Por un lado montando organizaciones paralelas a Naciones Unidas, tales como “La Comunidad de las Democracias” cuyas cumbres anteriores en tiempos de Madeleine Allbright sesionaron en Polonia y Seúl, precisamente en momentos clave de expansión o agresión imperial.

Esa estructura concentra organismos con careta de civiles del tipo del Fondo para la Democracia y el Desarrollo (Fund for the Democracy and Development) o del tenebroso Fondo Nacional para la Democracia (The National Endowment for Democracy NED) cuyos financiamiento y planes para Venezuela no esconden un papel intervencionista (1).

Al respecto, el primer secretario de la misión venezolana, Carlos Lazo, desglosa el terrorismo de Estado que promueve actualmente Estados Unidos: “Se trata de justificar sus intervenciones mediante tres vías:

A) La intervención militar por razones “humanitarias” o por causa de violaciones a los derechos humanos perpetradas por el Estado.

B) Por causa de posesión de armas químicas, biológicas o nucleares (argumento esgrimido contra Irak y Corea del Norte).
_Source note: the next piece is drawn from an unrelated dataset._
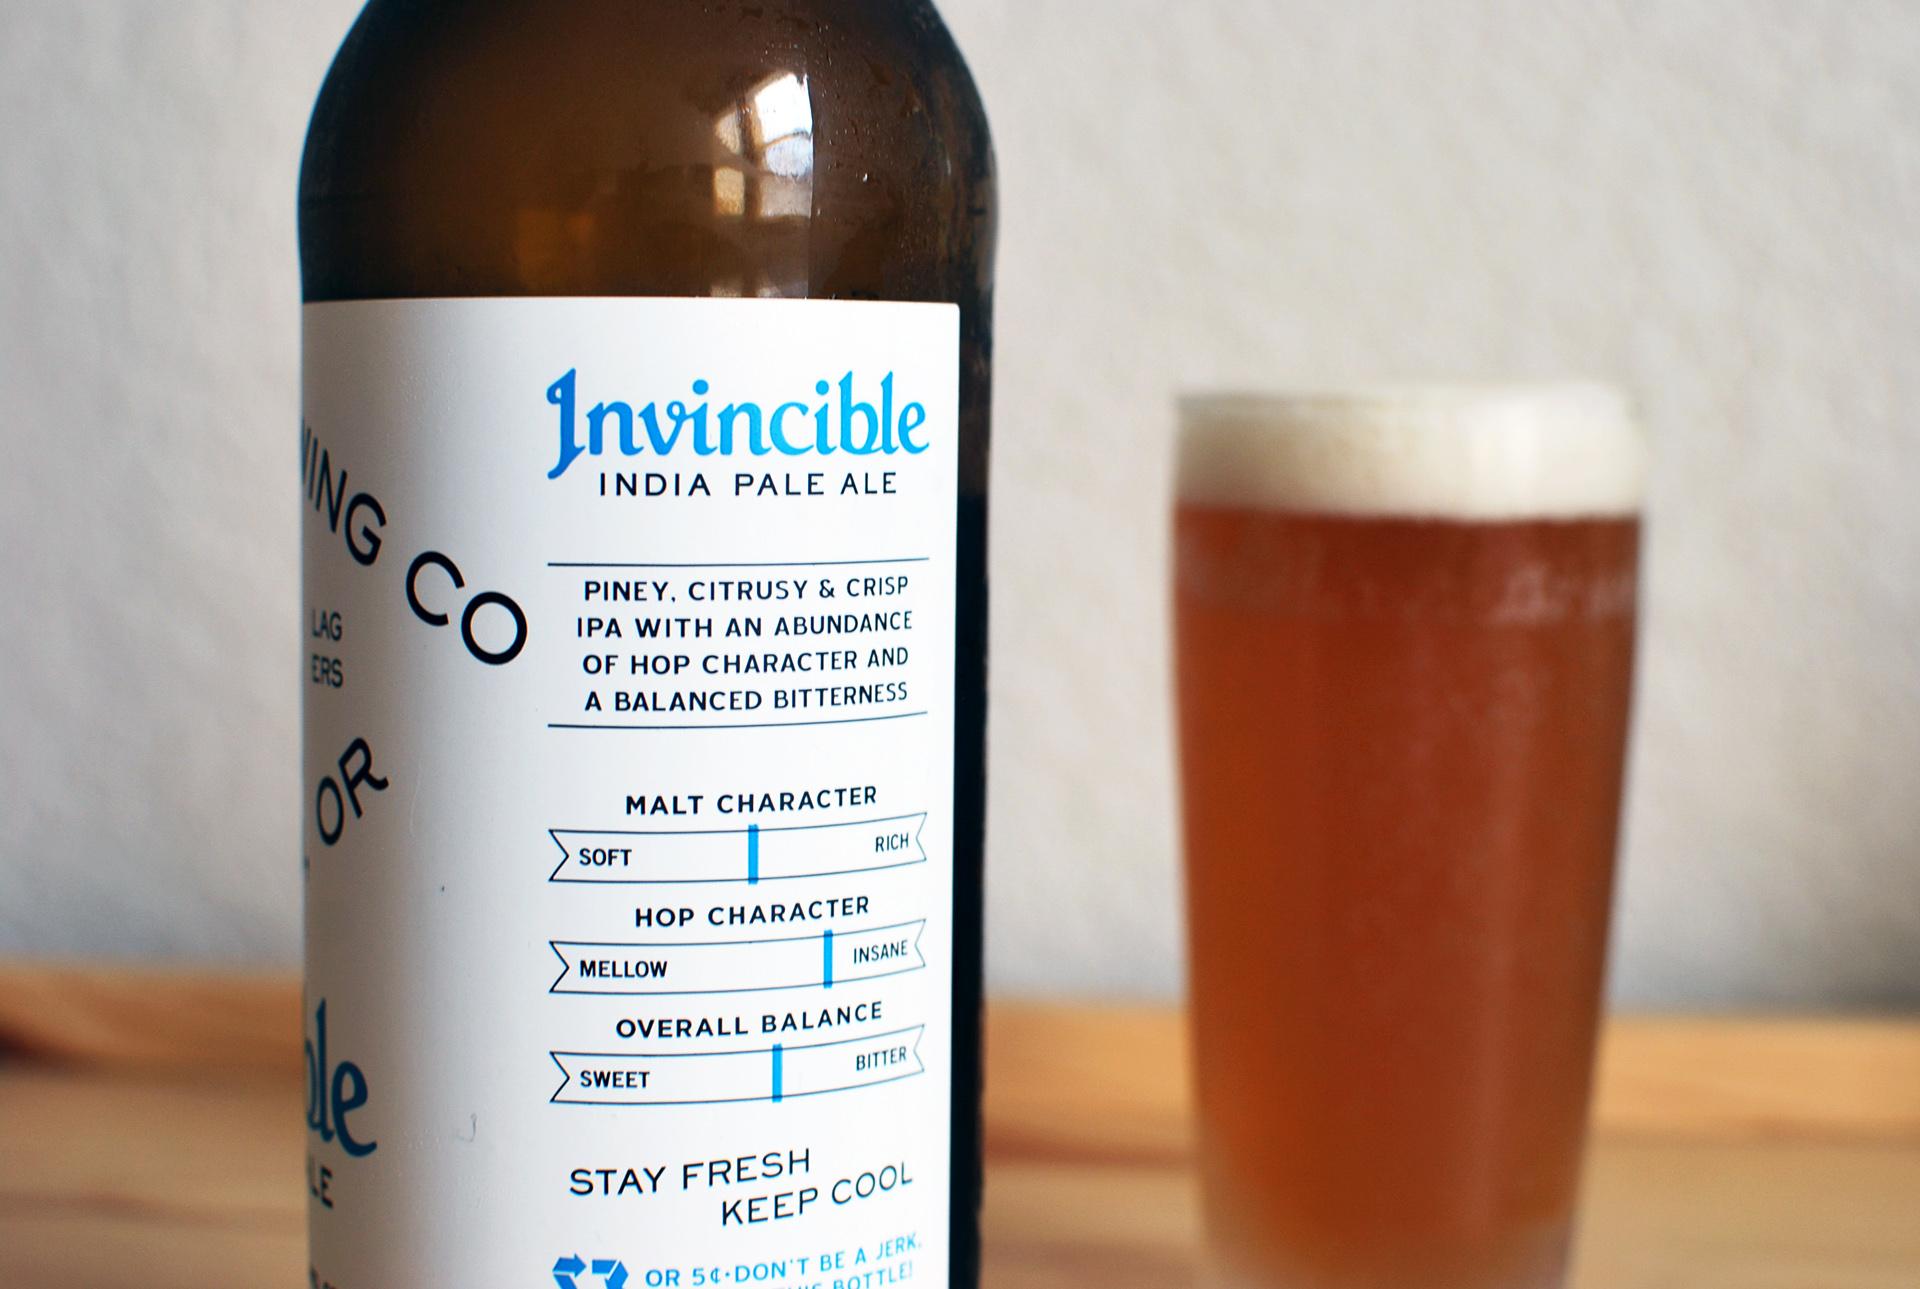 Invincible IPA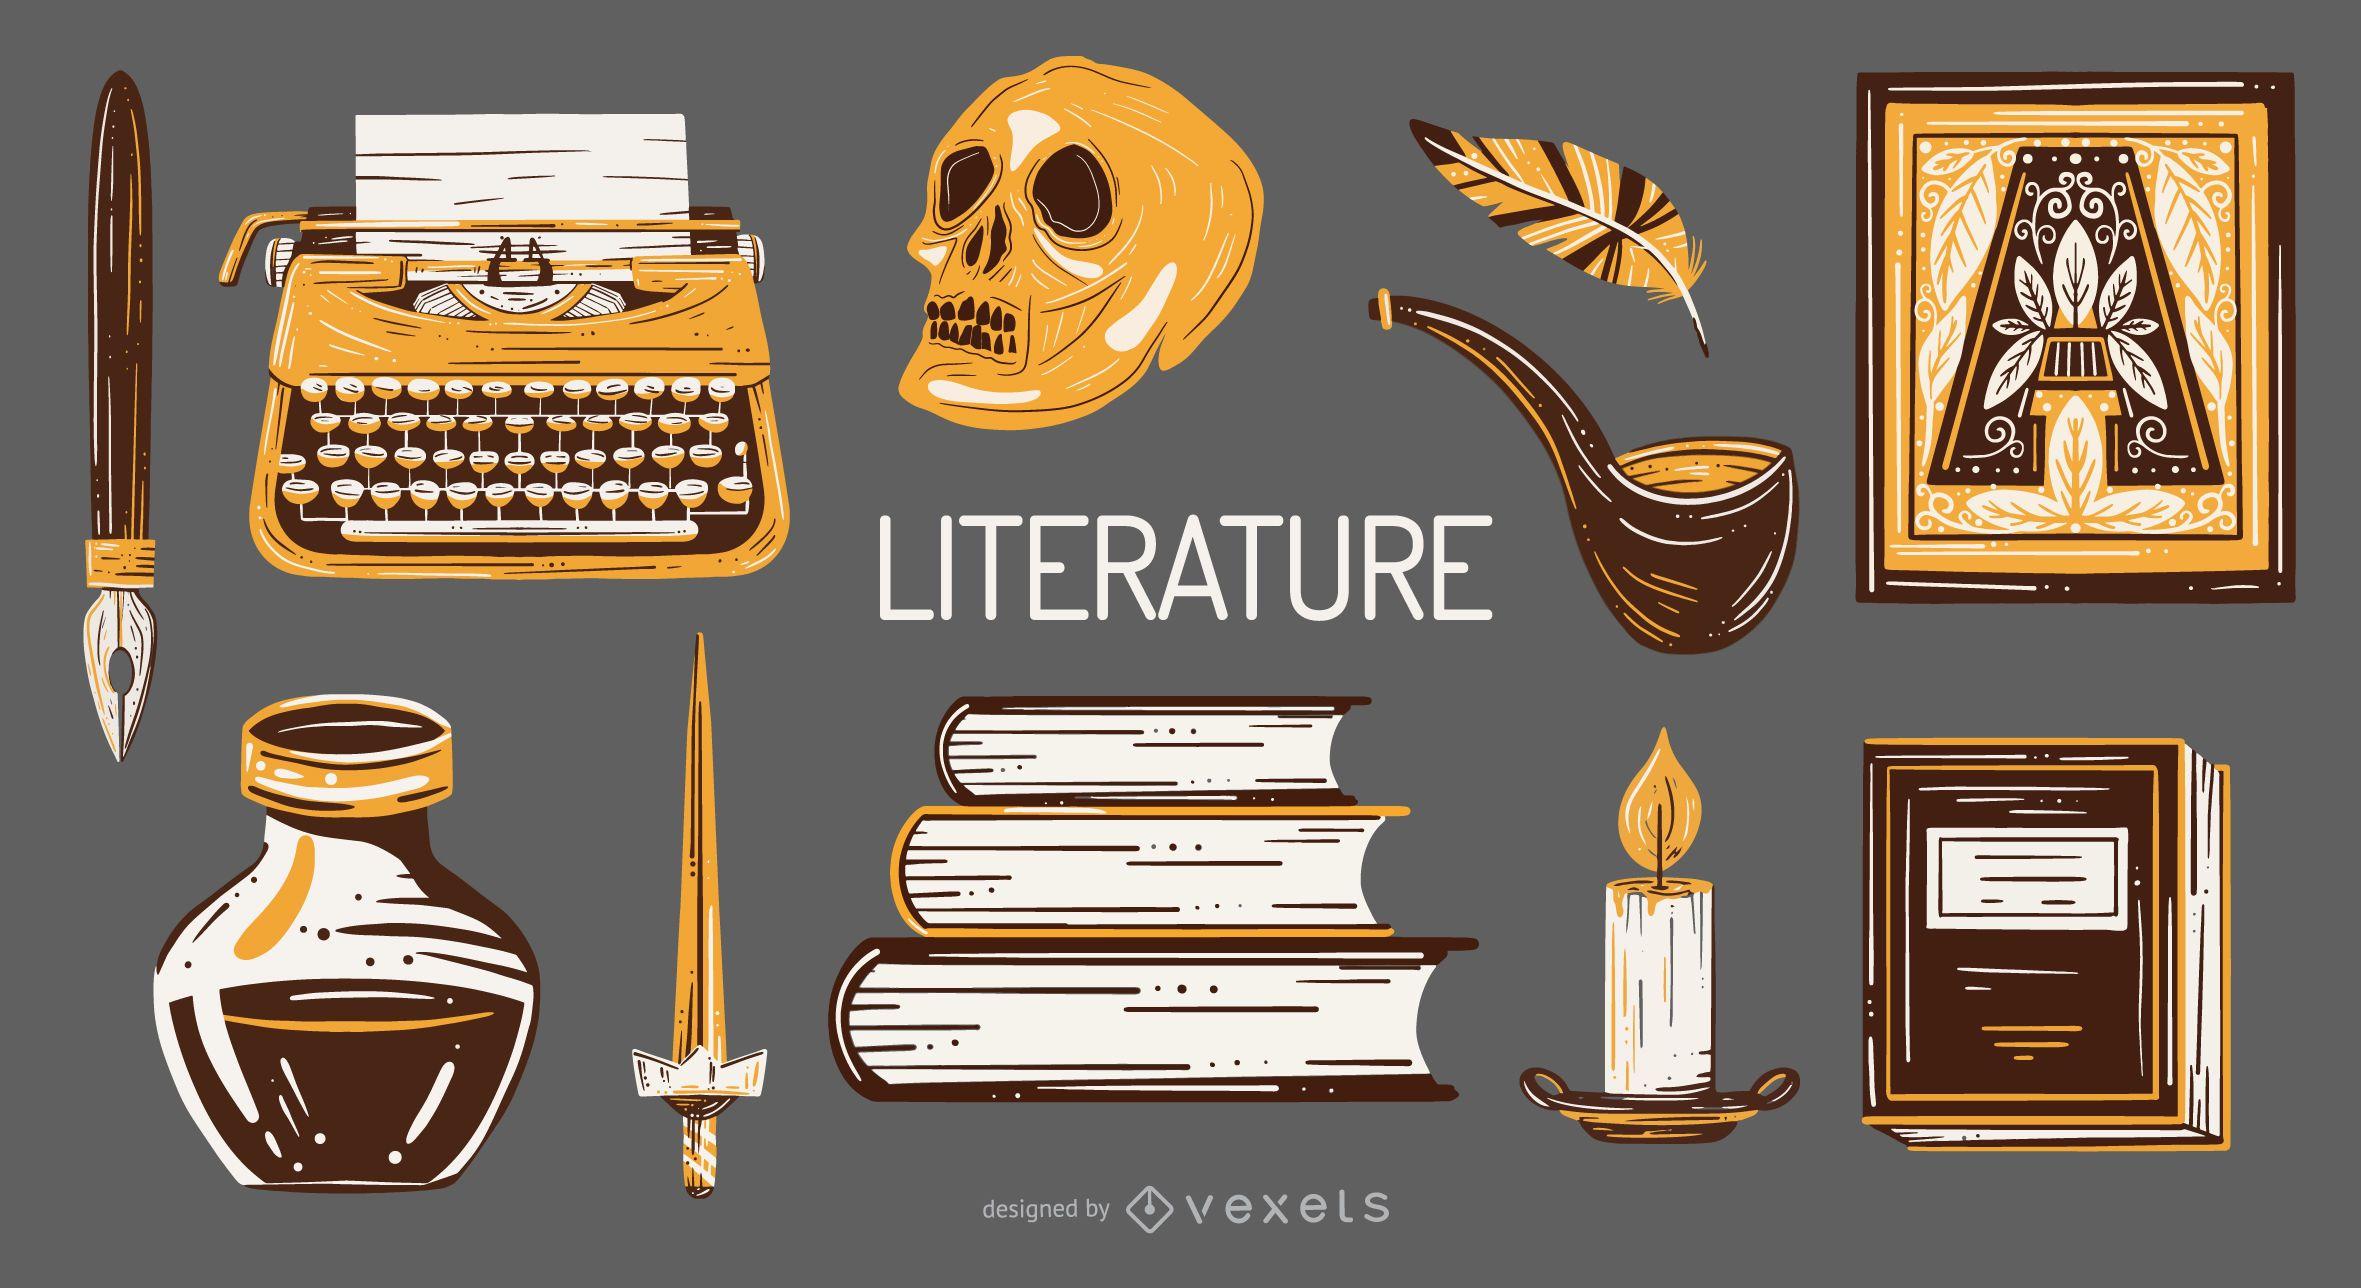 Literature School Elements Illustration Pack

C) Por falta de gobernabilidad: porque los Estados nacionales sean “inviables” o “fallidos”, o que tengan una “democracia fallida” (que no tengan su Certificación de Democracy).

Comentan que dicho cuadro busca en realidad la hegemonía imperial y apoderarse de las materias primas y sojuzgar a los Estados nacionales que con dificultad defienden su soberanía en tiempos del neoliberalismo.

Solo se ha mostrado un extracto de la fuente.